Wald assures me that doctors will have good reason to buy in. “It will be like a snowball rolling downhill,” Wald says. “If it makes life easier for the physician by helping to keep patients healthy they’ll want to use it.”

“We’ll be providing doctors with a set of parameters for keeping patients healthy and fit; we’ll be showing them a way to do this that’s easier and more efficient,” Wald says.

And keeping patients healthy is the name of the game for providers these days. Wald points out that health payers are increasingly using a “value-based” model to pay health care providers. He gives the example of the cardiac surgery department at Mayo. Mayo earns more money from payers if it keeps post-op cardiac surgery patients healthy enough to stay away from the hospital for the first 30 days after surgery. If too many of these patients are readmitted within 30 days, Mayo loses money.

Apple as gatekeeper

All kinds of devices could end up connecting to HealthKit in the cloud. This will no doubt include a slew of consumer wearable devices, probably including one from Apple — eventually.

But, Wald says, it will eventually include more clinical devices. He gives as an example a small wearable heart monitor that listens to heartbeats and reports data back in real time.

But which devices can become “HealthKit Certified” and which ones won’t pass muster?
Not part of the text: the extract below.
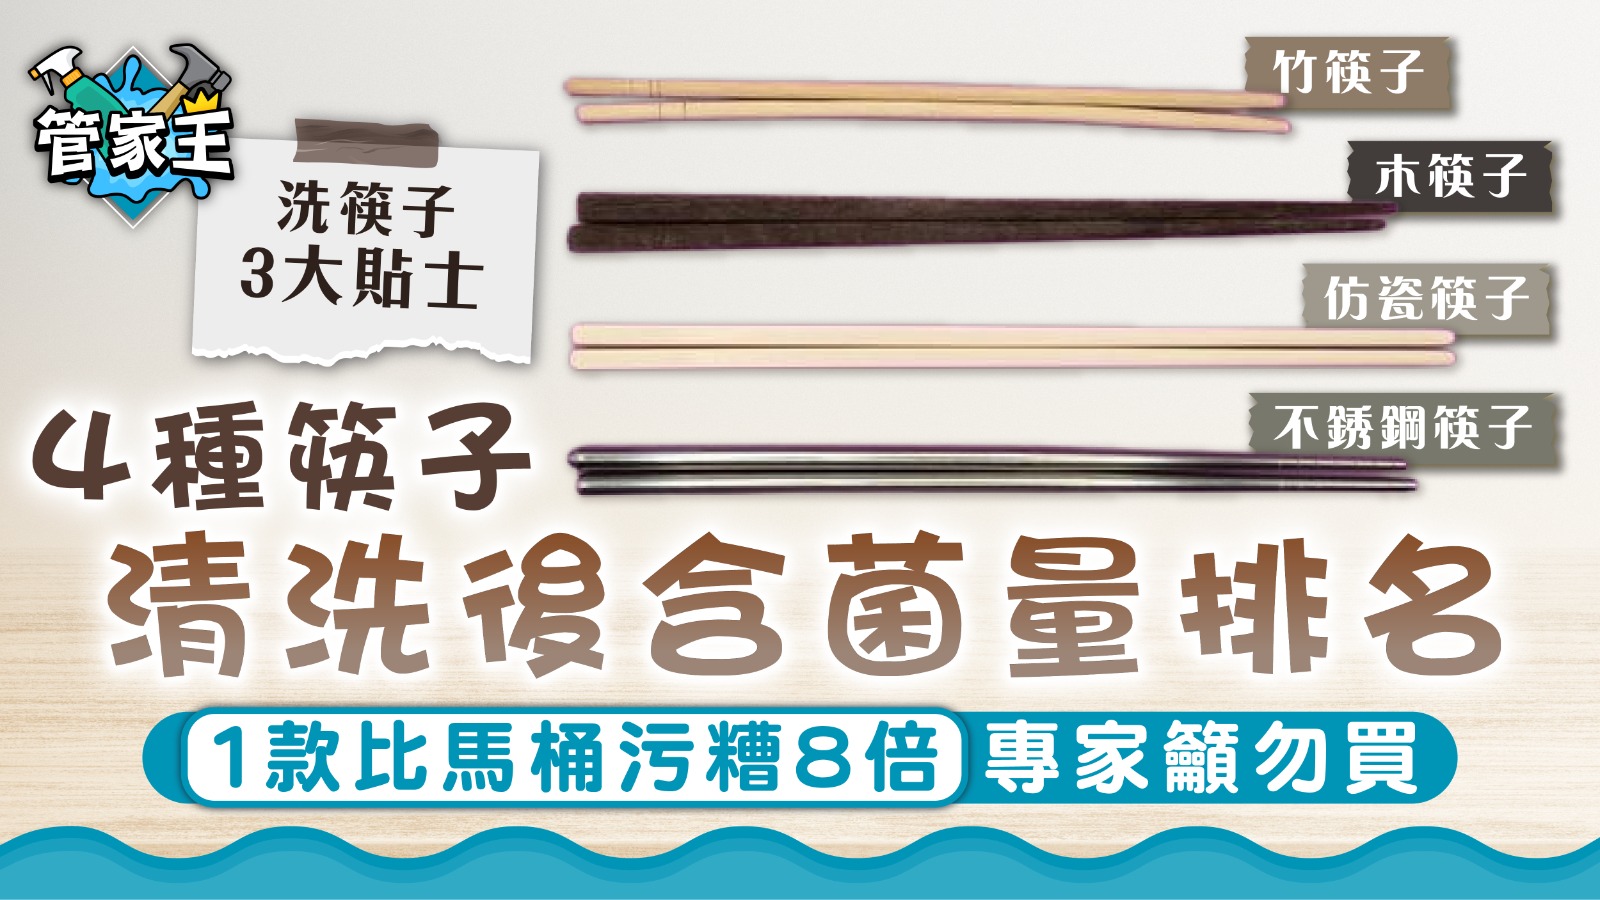 洗筷子｜4種筷子清洗後含菌量排名 1款比馬桶污糟8倍專家籲勿買

Is this the role Apple wants to play in health, as it has with iTunes? The answer is that it’s yet to be determined.

Apple may have given the world a peek at just the rough outlines of the new HealthKit platform. The app will no doubt be functional and beautiful when it debuts next fall. But lots of questions still remain about the HealthKit platform, and how (and when) health care providers will actually begin to benefit from it.

Calls requesting further information were not immediately returned by Apple. Nor would Apple PR people allow CEO Tim Cook to comment on the new health products after his presentation to developers Monday.